Subject: Re: How the other half live
From: "Dimitre Novatchev" <dnovatchev@xxxxxxxxx>
Date: Tue, 18 Nov 2008 09:28:52 -0800
Re:  How the other half live
> It's actually O(n*m) where n is the number of values and m the number of
> distinct values. So it's O(n^2) in any case where the number of distinct
> values is proportional to the size of the population, which means in effect
> in any "open-ended" population.


Probably this could be a challenge to Saxon:

When dealing with the following expression:

   $vSeq[index-of($vSeq,.)[$i]]

it should be possible for a good optimizer to treat it in the following way:

 1. If $i  >  count($vSeq)    ==>   Do nothing.   Otherwise:

 2. Deduce the fact that the indices of all items will be needed.

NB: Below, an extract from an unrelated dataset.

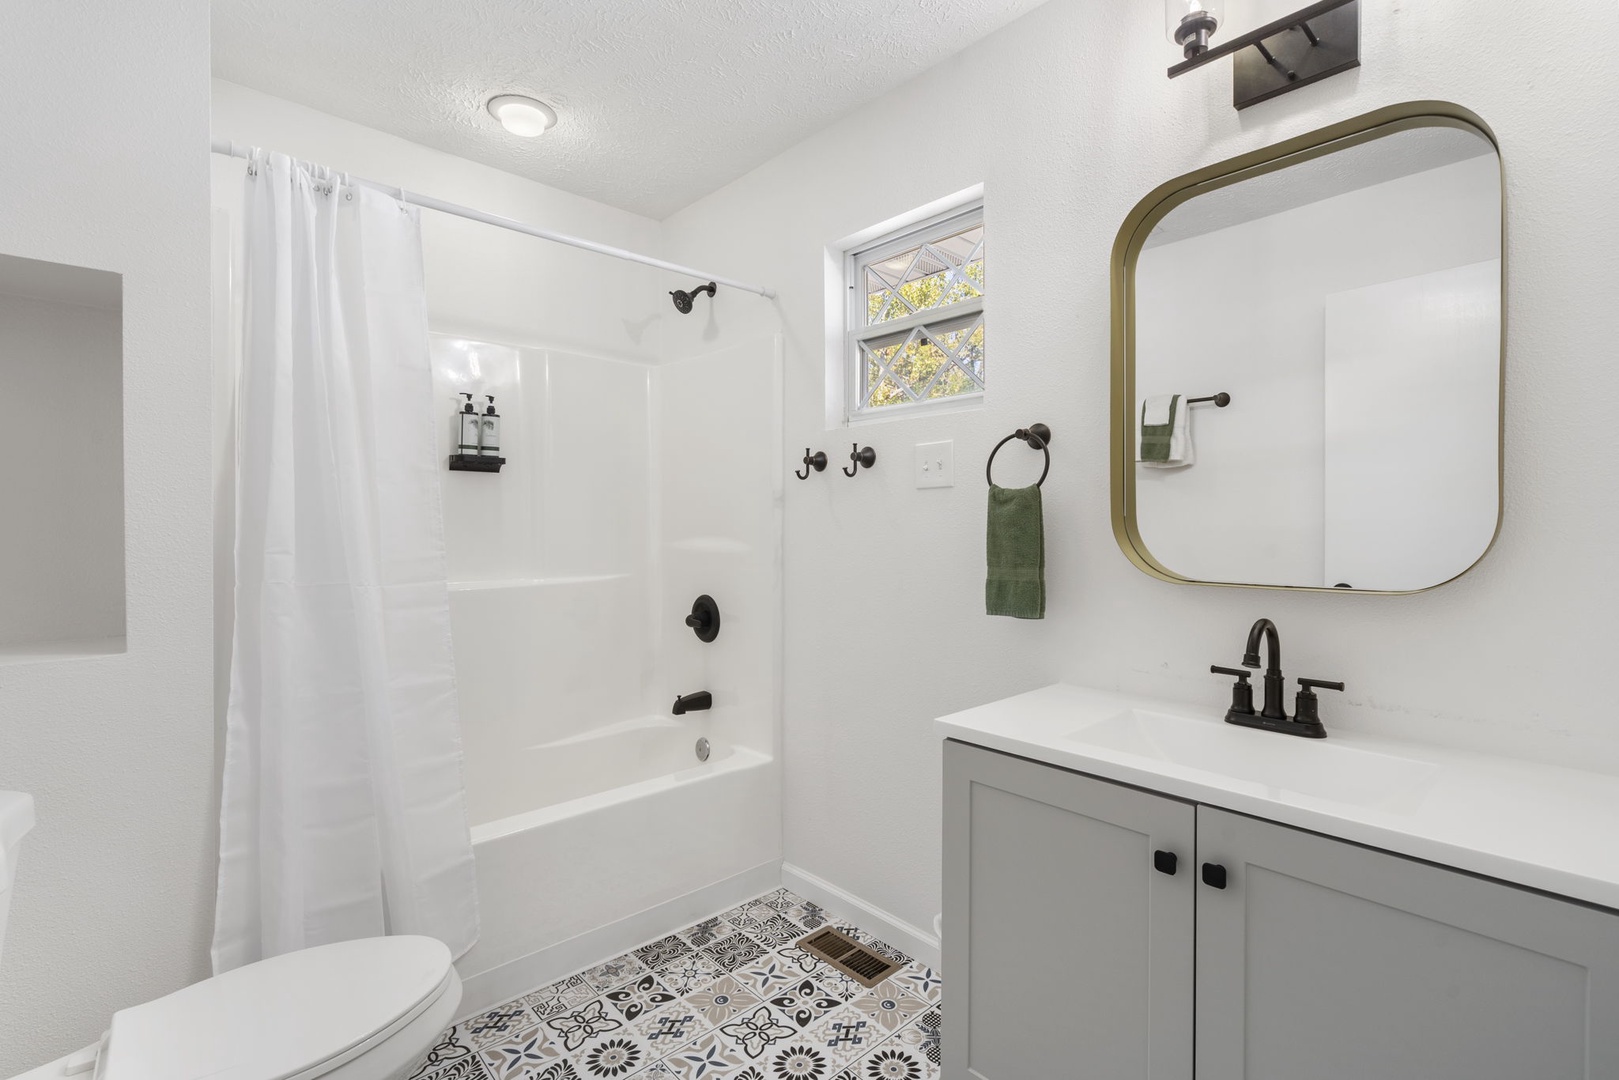 This 2nd floor en suite offers a single vanity & shower/tub combo

 3. Decide that from the above the indices of the distinct items will suffice

 4. Decide that the needed indices can be built within a single pass
over the sequence. Do not index any non-first occurence of an item.

 5. Decide that the distinct items together with their indices can be
found while doing the same single pass over the sequence.

 6. While finding each distinct item, record the number of its
occurences (the length of its index-of($vSeq, .)   ). In this process
record each distinct item that has more than $i occurences. Stop
producing the index after the $ith occurence.

 7. Generate code to produce every item, recorded in step 6.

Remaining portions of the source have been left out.